氮肥配施生化抑制剂对黄泥田土壤钾素淋溶特征的影响

Effects of combined nitrogen fertilization with biochemical inhibitors on leaching characteristics of soil potassium in yellow clay soils

  • 摘要: 中国南方黄泥田土壤中养分淋失严重,尤其是氮(N)和钾(K),不仅造成资源浪费和潜在环境威胁,还严重制约作物的可持续生产。采用室内土柱模拟培养,研究尿素(U)和尿素硝铵(UAN)中单独添加脲酶抑制剂N-丁基硫代磷酰三胺(NBPT)和硝化抑制剂2-氯-6-(三氯甲基)吡啶(CP),及两者配合施用对黄泥田土壤中K素淋溶特征的影响,探讨提高黄泥田供钾能力的施肥技术。不同氮肥种类淋溶液中,K+平均浓度大小表现为UAN处理(103.0 mg·kg-1)高于U处理(93.9 mg·kg-1),且抑制剂处理间存在明显差异。培养结束时(第72 d),UAN处理K+淋失量较U处理高6.7%。
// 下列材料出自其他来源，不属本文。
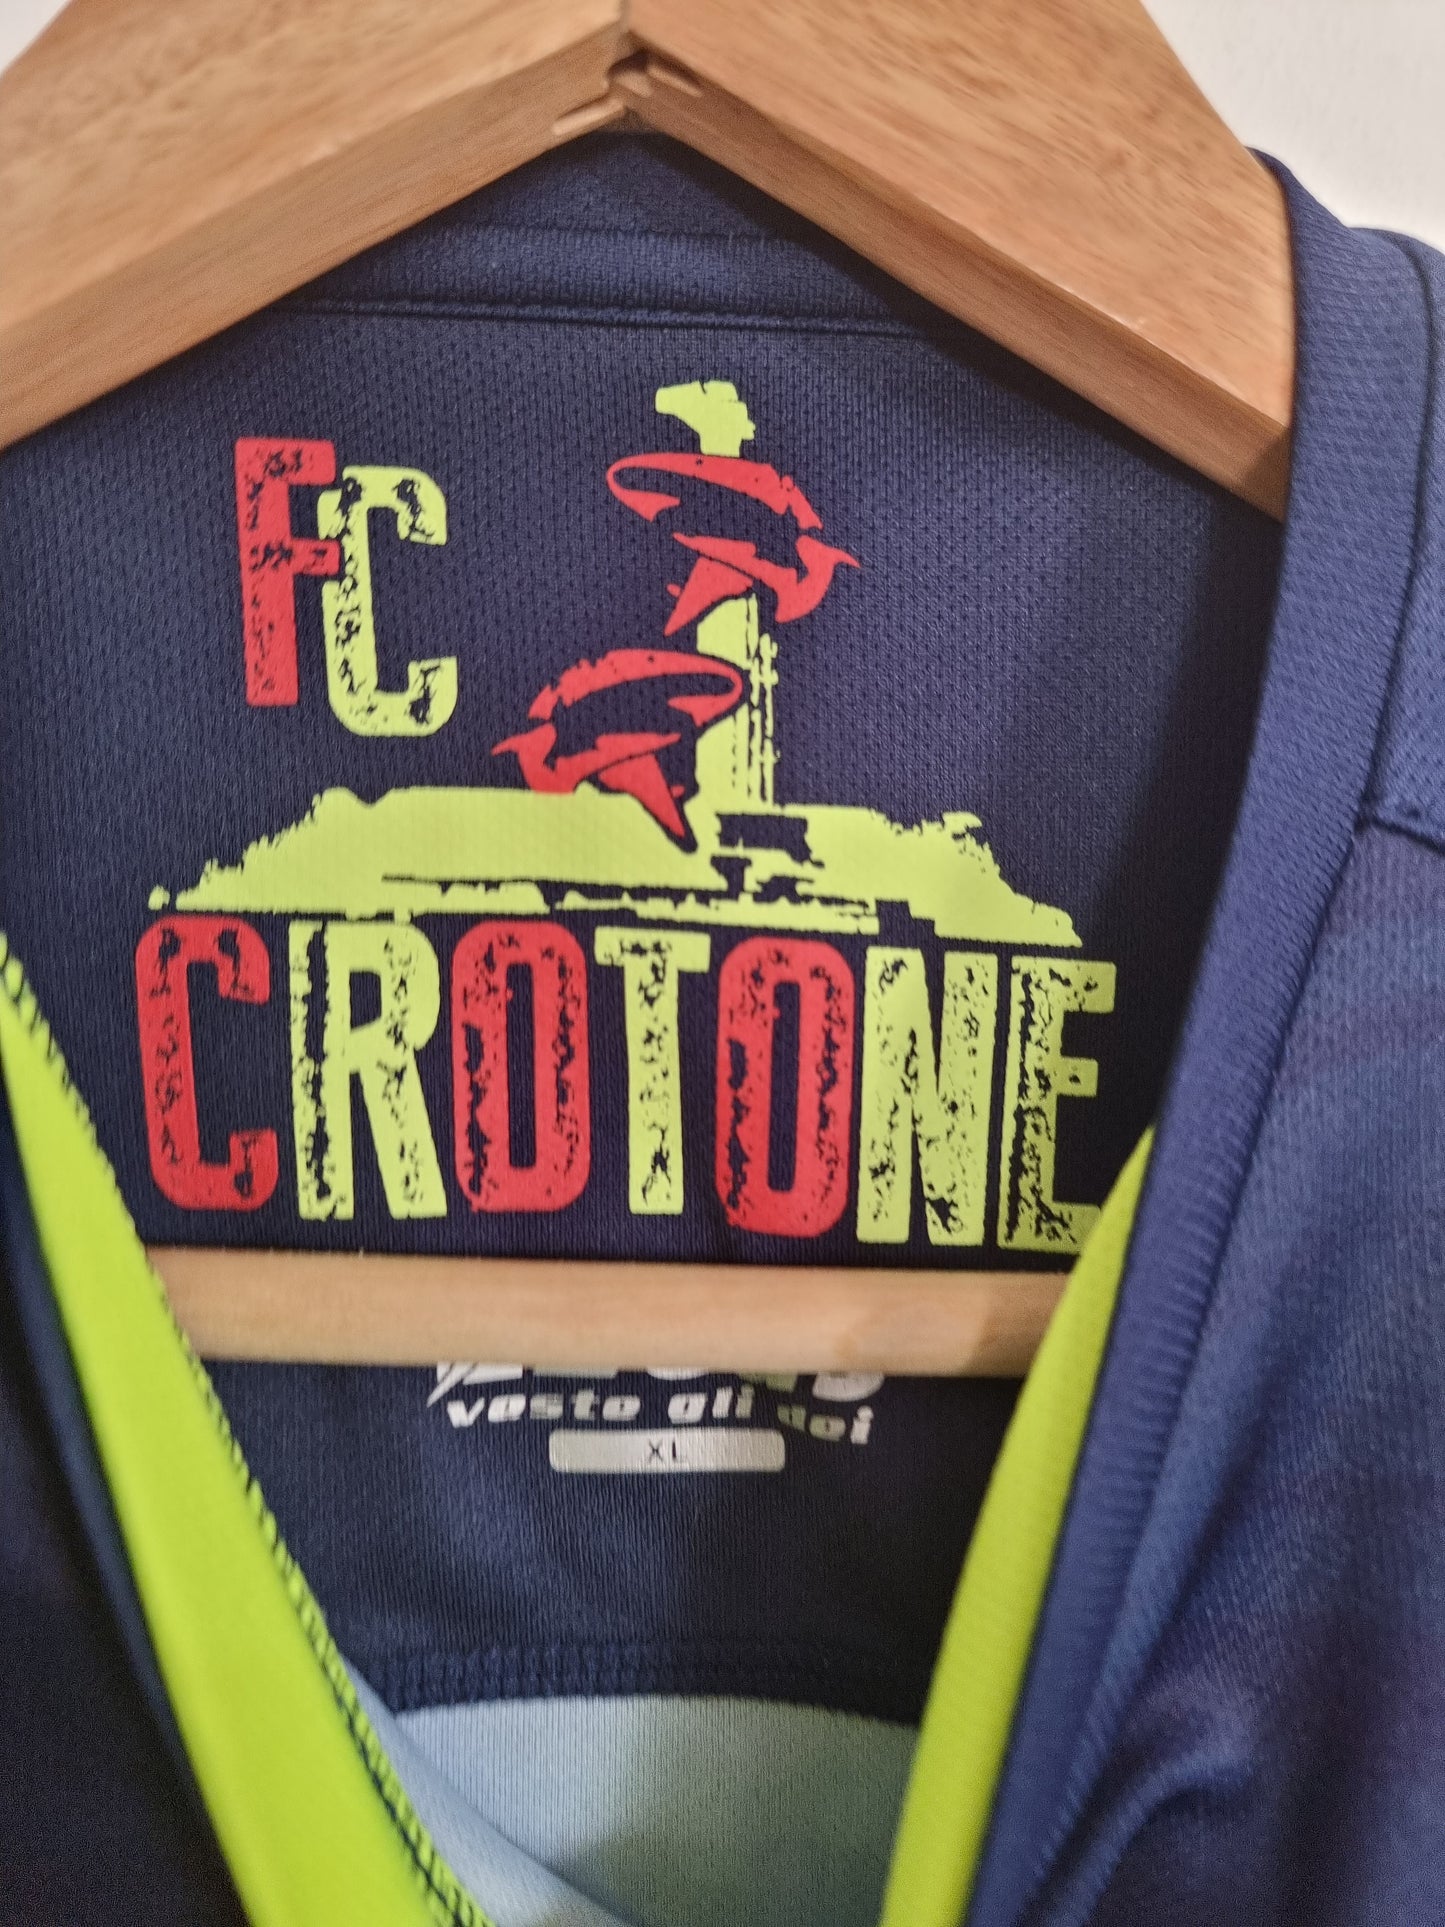 Zeus FC Crotone Training Shirt XL

U各处理淋溶液中K+累积量大小表现为U > U+NBPT > U+NBPT+CP > U+CP > CK,其中U+NBPT、U+CP和U+NBPT+CP处理较U处理分别降低8.7%、20.2%和14.9%;UAN各处理淋溶液中K+累积量表现为UAN > UAN+NBPT > UAN+NBPT+CP > UAN+CP > CK,其中UAN+NBPT、UAN+CP和UAN+NBPT+CP处理较UAN处理分别降低6.0%、13.8%和9.2%。不同施肥处理K+淋溶率表现为UAN > UAN+NBPT > U > UAN+NBPT+CP > UAN+CP > U+NBPT > U+NBPT+CP > U+CP。培养中期(第36 d),U和UAN处理肥际微域中土壤速效钾含量显著降低,而添加CP处理有效维持土壤中较高的速效钾含量。与单施NBPT相比,配施CP可以减少黄泥田土壤中NO3-淋溶,增加土壤晶格对K+的固定,减轻K+淋溶风险,有效时间超过72 d。对各处理淋溶液中K+累积量(y)随NO3-累积量(x)的变化进行拟合,其中以线性方程(y=ax+b)和Elovich方程(y=alnx+b)的拟合度最高,且抑制剂处理间ab值均存在明显差异。总之,在黄泥田土壤中单施CP,或与NBPT配施可以有效增加K+吸附,降低土壤中K+淋溶损失,减轻养分淋失风险,提高肥料利用率。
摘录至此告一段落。